Китайская стратегия в современном мире

Сегодня в мире необычайно обострился интерес к китайской стратегии вообще и трактату «Сунь-цзы» в частности. В чем причина этой довольно неожиданно обнаружившейся актуальности столь древней книги? Для специалистов в области военной стратегии «Сунь-цзы» привлекателен, прежде всего, целостным и в своем роде систематическим взглядом на природу войны, что роднит его с классической для Запада военной концепцией К. фон Клаузевица. Принадлежащее последнему определение войны как «продолжения политики» оказалось, в сущности, единственным прочным основанием военной стратегии. Напротив, утверждение первичности войны и превращение политики в ее придаток, что характерно отчасти для восточных деспотий и в большей степени тоталитарных государств новейшего времени, на практике лишает смысла военные кампании, не позволяет сформулировать стратегию и неудержимо толкает государство к быстрому краху.

Ни в «Сунь-цзы», ни во вновь найденных текстах трактата Сунь Биня не дается общего определения войны, что вообще характерно для китайской традиции, где мир есть множество единичностей, а вещи сводятся к их функциям, качествам существования, имеющим только исторические – следовательно, неповторимые – проявления. Китайский теоретик указывает лишь значимость войны – «великое дело государства», заслуживающее того, чтобы в него «тщательно вникать». Хотя мы не находим в китайской военной традиции сколько-нибудь близкой аналогии трактовки Клаузевицем войны как взаимодействия, говоря упрощенно, армии, правительства и народа, китайские стратеги выработали очень подробную классификацию факторов, определяющих ход и результат военной кампании, начиная с погодных условий и особенностей рельефа и кончая вопросами снабжения войска и морального состояния воинов, которым, заметим, придавалось первостепенное значение. Китайцы мыслят голографически, цельными кристаллами мирочувствия: война, как всякое явление, рассматривалась ими как совокупность отдельных ее качеств или форм, каждое из которых выступает образом ее целостности.

Интерес к именованию в суждениях и декоруму в жестах на самом деле свидетельствует о высшей цельности мышления, которую можно назвать метатеоретической. Мы ведь имеем дело не просто с военной доктриной, имеющей лишь прикладное значение, но с плодом длительного вызревания всеобъемлющего мировоззрения, укорененного в богатейшем опыте человеческого самопознания, в самом образе жизни древнейшего из народов. В отличие от европейской мысли, китайская традиция никогда не противопоставляла стратегию «честному общению» людей и тем более ценностям публичной политики. Стратегический элемент органически присущ жизненным принципам и практической мудрости китайцев. Это обстоятельство в былые времена нередко побуждало европейцев обвинять китайцев в неистребимых в них, чуть ли не с молоком матери впитанных коварстве и хитрости. На подобные обвинения можно ответить, что и европейцам не чуждо лицемерие и что, к примеру, популярная китайская поговорка, гласящая: «Торговый зал – это поле боя», называет вещи своими именами с непривычной для европейцев (да и китайцев с их «китайскими церемониями») откровенностью.
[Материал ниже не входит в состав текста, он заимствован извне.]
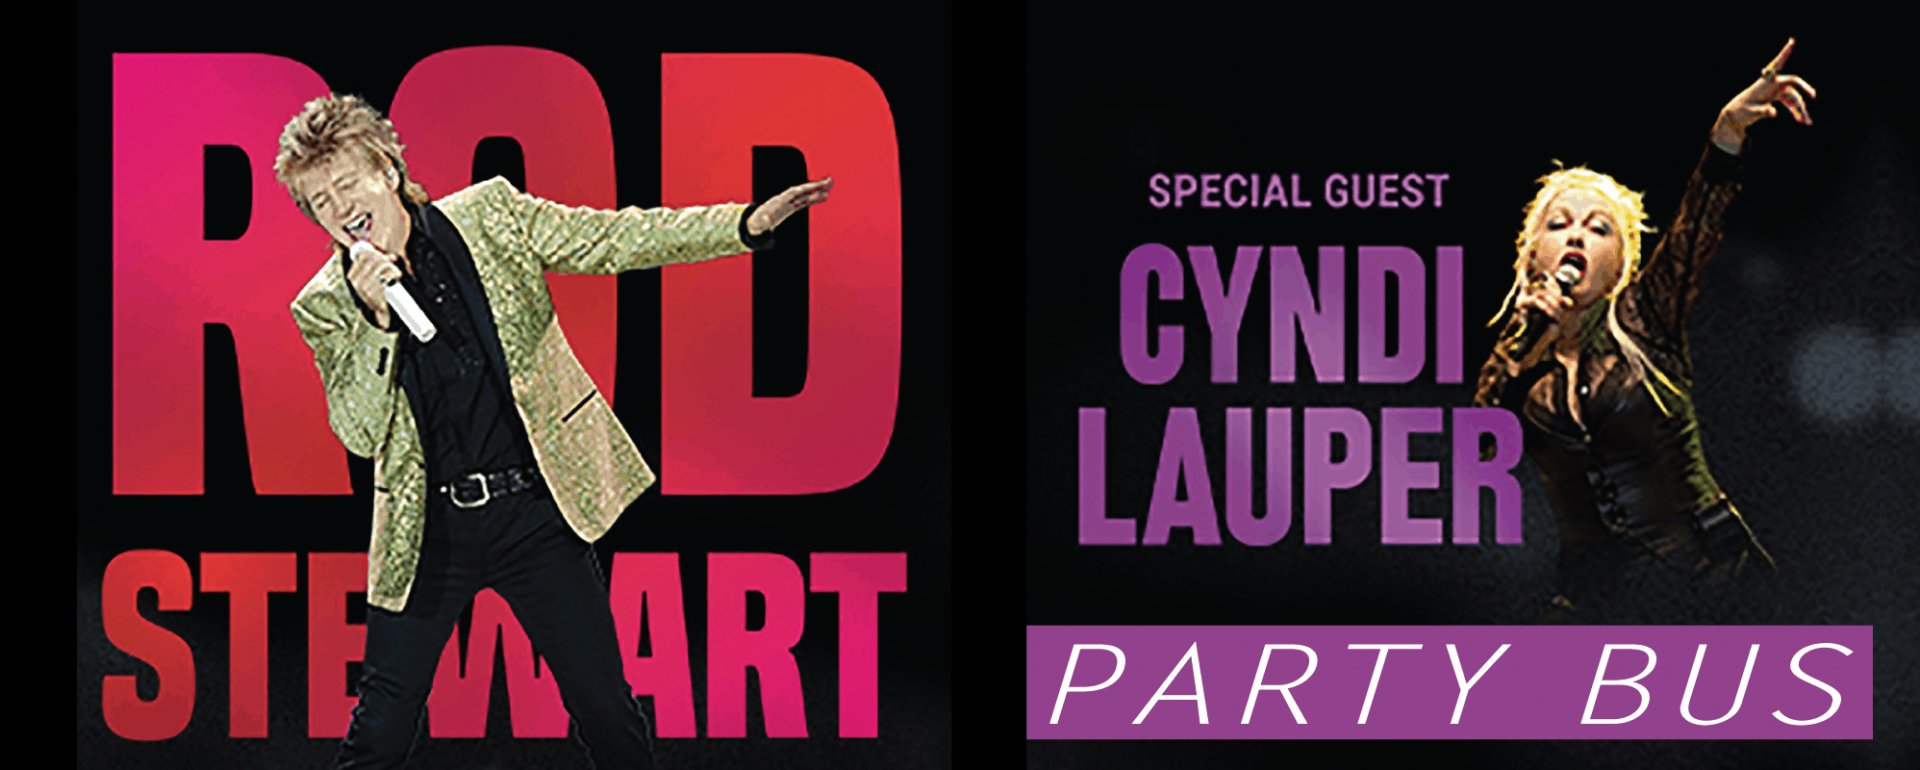 Rod Stewart and Cyndi Lauper Party Bus

Действительный вопрос состоит в том, чтобы понять, каким образом в китайской культуре стратегический аспект действия оказывается неотделимым от морали и человеческой социальности в целом. Ответ неочевиден и все же предельно прост: конфликт не разрушительный, а созидательный, подлинно творческий несет в себе некий непреложный закон, безусловную истину бытия, которые сами определяют правильный выбор действия, формируют качество человеческих отношений. Разумеется, открытие этой истины предполагает способность превзойти все частные точки зрения, все субъективно-ограниченное в человеческом сознании. Есть только один способ стать победителем – предельная концентрация физических и духовных сил. И доступен он только тому, кто умеет избегать насилия и конфронтации, кто не стремится навязать миру свою частную и пристрастную волю, кто превозмог себялюбие и разделенность внутреннего и внешнего в своей жизни, кто своим военным подвигом сделал подвиг внутренний – совершенно непроизвольное и со стороны незаметное усилие высвобождения сознания. Идея, прочно забытая в современной цивилизации, требующей как раз полного овеществления духа в технике и потому делающей согласие личности и мира невозможным, а духовное подвижничество – ненужным.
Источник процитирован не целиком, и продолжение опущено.